Speeding Up Deep Learning Training with NVIDIA V100 Tensor Core GPUs in the AWS Cloud

Nefi Alarcon

Training deep learning models on NVIDIA GPUs is the gold standard in artificial intelligence, but the process can still take weeks to complete.

NVIDIA

•

Nefi Alarcon

•2 min read•intermediate•

--

•View Original

ApacheAWSAWS EC2Deep LearningResNetTensorFlow

Overview

This article discusses how to optimize deep learning training times using NVIDIA V100 Tensor Core GPUs in the AWS Cloud, reducing training durations from weeks to days. It highlights the use of distributed/multi-node synchronous training with specific frameworks and benchmarks the performance of different deep learning frameworks.

What You'll Learn

1

How to optimize deep learning training times using NVIDIA V100 Tensor Core GPUs

2

Why distributed/multi-node synchronous training is effective for deep learning

3

How to benchmark training times with ResNet-50 and the ImageNet dataset

Prerequisites & Requirements

Understanding of deep learning concepts and frameworks
Familiarity with AWS EC2 instances and NVIDIA GPUs(optional)

Key Questions Answered

How can deep learning training times be minimized in the AWS Cloud?

Deep learning training times can be minimized in the AWS Cloud by using distributed/multi-node synchronous training with NVIDIA V100 Tensor Core GPUs.
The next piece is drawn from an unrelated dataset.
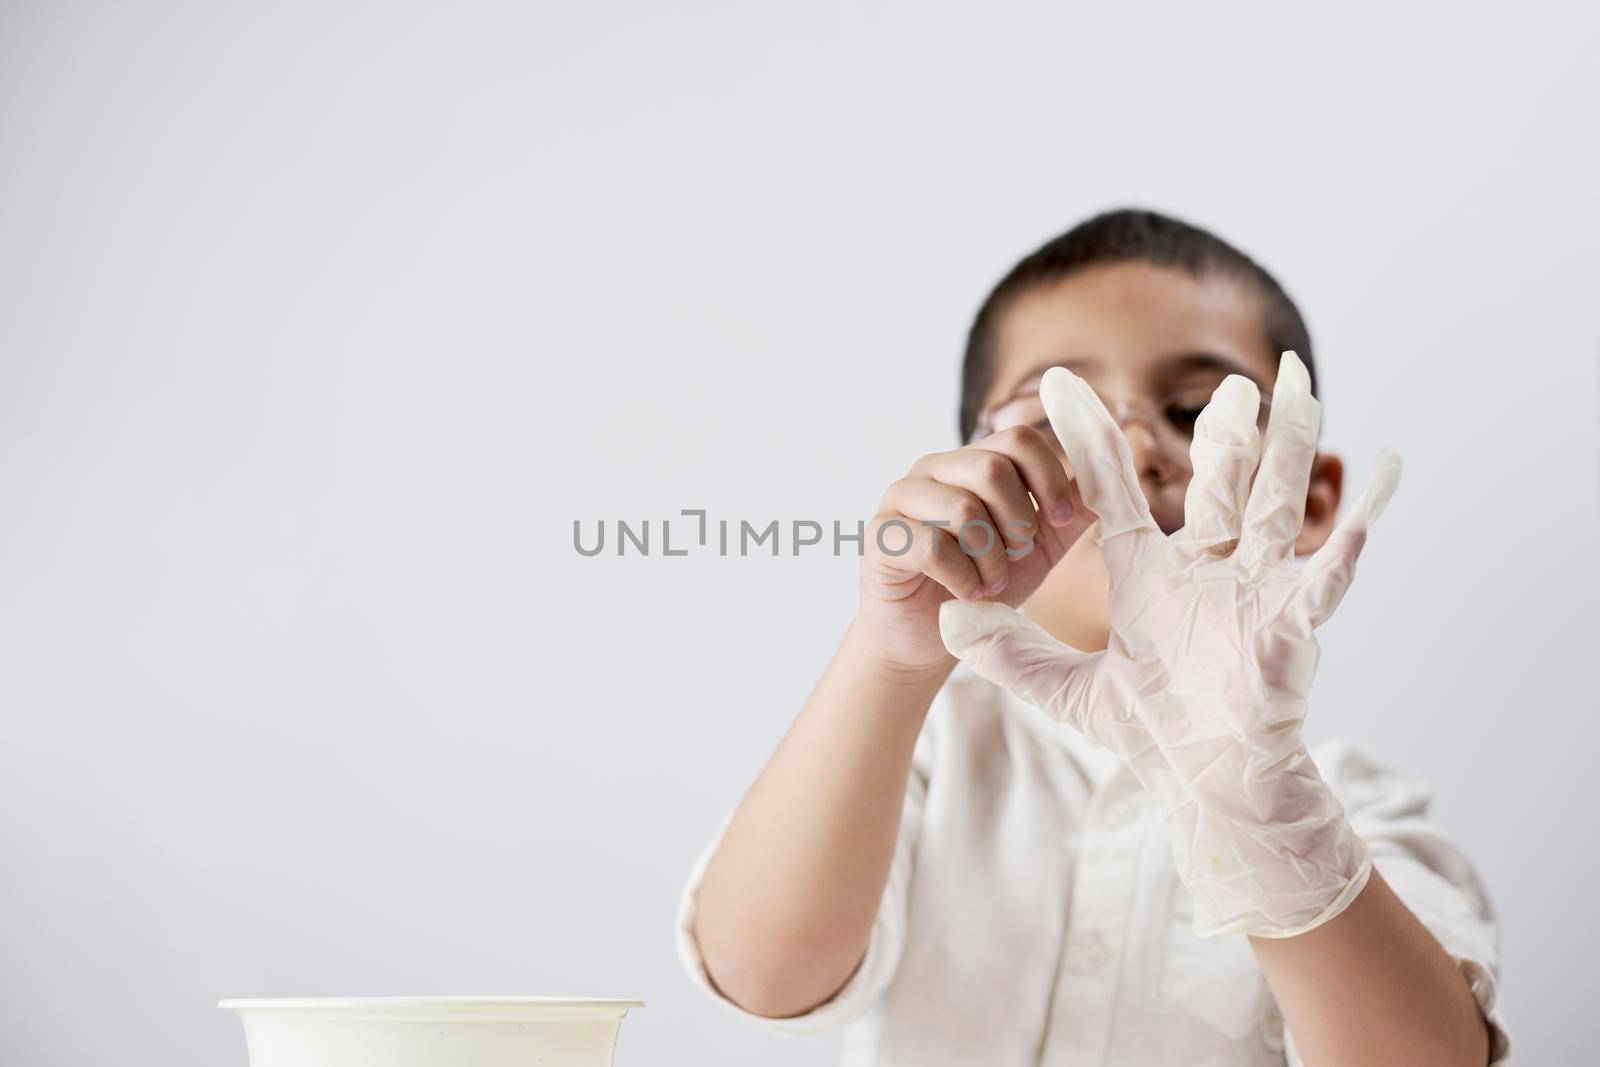 A boy wearing medical gloves by golibtolibov

The Amazon team demonstrated this by training a neural network in about 50 minutes using eight P3.16xlarge instances, significantly reducing training duration.

What frameworks were used to benchmark training times?

The benchmarks were conducted using Apache MXNet and TensorFlow with Horovod. The training times recorded were 47 minutes for Apache MXNet and 50 minutes for TensorFlow, showcasing the performance of these frameworks on NVIDIA V100 GPUs.

What is the achieved Top-1 validation accuracy for the frameworks used?

The achieved Top-1 validation accuracy was 75.75% for Apache MXNet and 75.54% for TensorFlow + Horovod. These metrics indicate the effectiveness of the training processes on the respective frameworks.

Key Statistics & Figures

Training time with Apache MXNet

47 minutes

Time taken to train the neural network using Apache MXNet on AWS infrastructure.

Training time with TensorFlow + Horovod

50 minutes

Time taken to train the neural network using TensorFlow with Horovod on AWS infrastructure.

Training throughput for Apache MXNet

~44,000 Images/Sec

The speed at which images were processed during training with Apache MXNet.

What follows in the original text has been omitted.